这烫手的皇位,他光是想想,就觉得屁股底下像扎了无数根看不见的钢针,根本坐不安稳,随时都可能摔下来,万劫不复。

他苦思冥想了几天,头发都快揪掉一把,也没能想出个既能脱身又能保命的万全之策。

那边司礼监的人,却已经捧着软尺,笑容可掬地来为他量制新君的龙袍了。

李兀望着窗外那朱红色的、绵延不绝的宫墙,那将他困于此地的巨大牢笼,只能一声接一声地叹气,胸腔里堵得发慌。

曹安不知何时又悄无声息地出现在他身后:“殿下,放宽心,从今往后,您什么都不用怕。”

他微微躬身,语气显得无比忠诚:“您只需相信咱家,倚重咱家,便足矣。”

李兀心想,我最怕的就是你了,你还叫我放宽心。

李兀转过身,看着底下乌泱泱跪倒一片的宫人臣子。

他们伏低身体,额头触地,姿态恭敬无比。可他心里清楚,别人下跪是源于真正的敬畏与恐惧,而这些人跪他,不过是把他当作一个必须摆在那个位置上的泥塑木雕,一个听话的、好控制的吉祥物罢了。

这么一想,李兀只觉得心头更堵,那愁云惨雾,几乎要将他整个人都淹没了。

于是,这九五至尊的龙椅,李兀几乎是被人半推半架着,硬生生按上去的。

他像个身不由己的提线木偶,被动地承受着这从天而降、却又沉重无比的“幸运”。

登基大典那天,他穿着那身沉重繁复、绣满金龙的衮服,像个被设定好程序的偶人,按照礼官高声唱喏的每一个步骤,僵硬地完成所有仪式。

祭天,告祖,受玺,每一步都如同踩在云端,虚浮而不真实。

他早已累得浑身发软,双腿如同灌了铅,却不敢有丝毫停顿松懈。

烈日当空,炽热的阳光毫无遮拦地照射在祭坛上下,将他晃得头晕目眩,眼前阵阵发黑。

底下是山呼海啸般的“万岁”跪拜声,那声音层层叠叠涌来,像是要将他淹没。

就在这极度的疲惫与眩晕交织中,他只觉得意识猛地一沉,眼前彻底一黑,身体不受控制地向前软倒,直挺挺地晕厥在了庄严肃穆的祭坛之上。

底下原本整齐划一的跪拜声戛然而止,瞬间被一片压抑的惊呼和骚动取代,无数道目光惊疑不定地投向那突然倒下的新君。

一直垂手侍立在侧的曹安看着这一幕,几不可察地皱了皱眉,抬手捏了捏自己的眉心,低声吐出几个字:“……真真是不堪大用。
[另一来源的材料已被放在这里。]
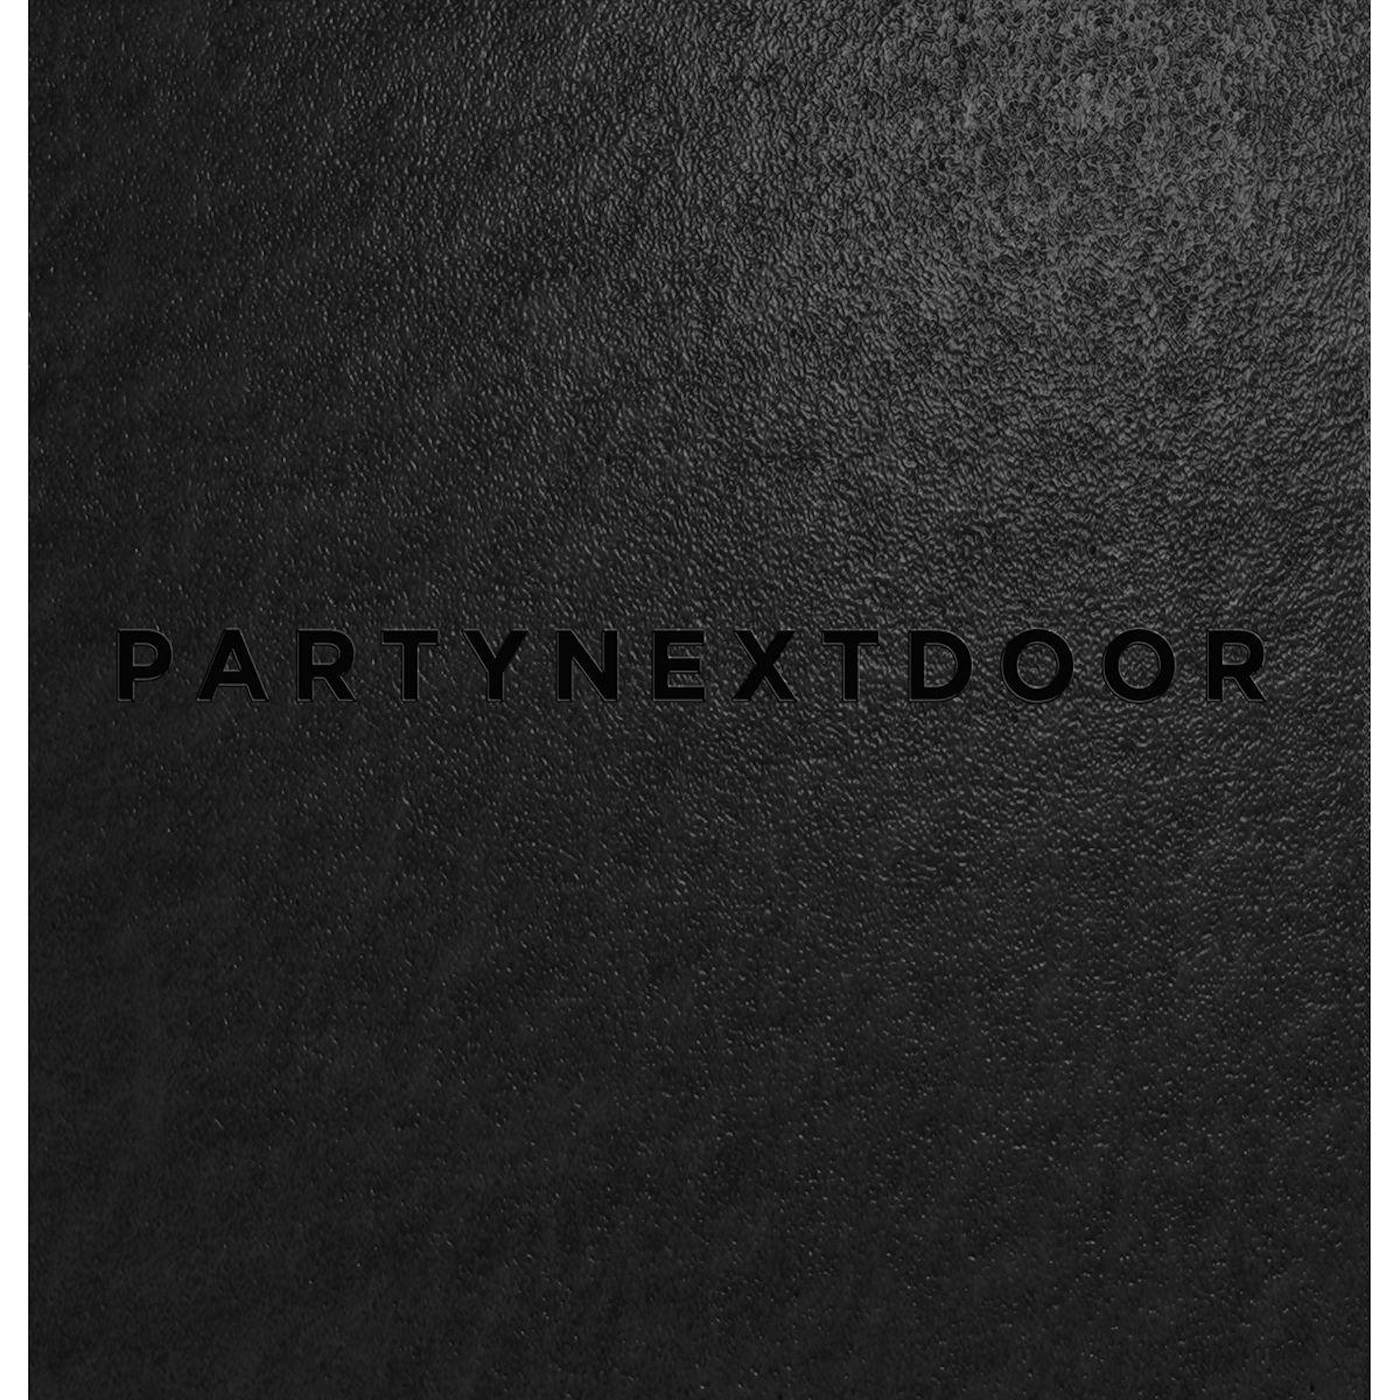  Partynextdoor S/T Vinyl Record

”

李兀再次恢复意识时,只觉得浑身酸软,眼皮沉重。

他缓缓睁开眼,映入眼帘的是熟悉的寝宫帐顶。

贴身内侍小福子见他醒来,立刻凑上前,脸上带着小心翼翼的担忧,声音轻细地唤道:“陛下,您醒了?”

李兀眼神还有些涣散,茫然地环顾四周,声音带着刚醒时的沙哑:“这……是哪里?”

小福子连忙躬身,小心翼翼地回答:“回陛下,这是您的寝殿,乾元殿。”

小福子:“是戚小将军亲自将您送回来的。太医来看过了,说是中了暑气,需要好生静养。”

李兀微微怔住,下意识重复了一遍:“戚应淮?”

小福子点头:“是,正是戚小将军。”

李兀抬手揉了揉依旧有些胀痛的额角,目光扫过殿内满目刺眼、象征着无上皇权的明黄色帷幔和器具,沉默了片刻,才低声问:“他……还在殿外吗?”

小福子回道:“戚小将军说,要等陛下您醒了,确认无恙后再离开。”

李兀放下揉着额头的手,轻声吩咐:“你去传他进来吧。”

殿外,戚应淮正静立等候。他身形挺拔如松,穿着便于行动的轻甲,眉宇间带着几分军旅磨砺出的硬朗。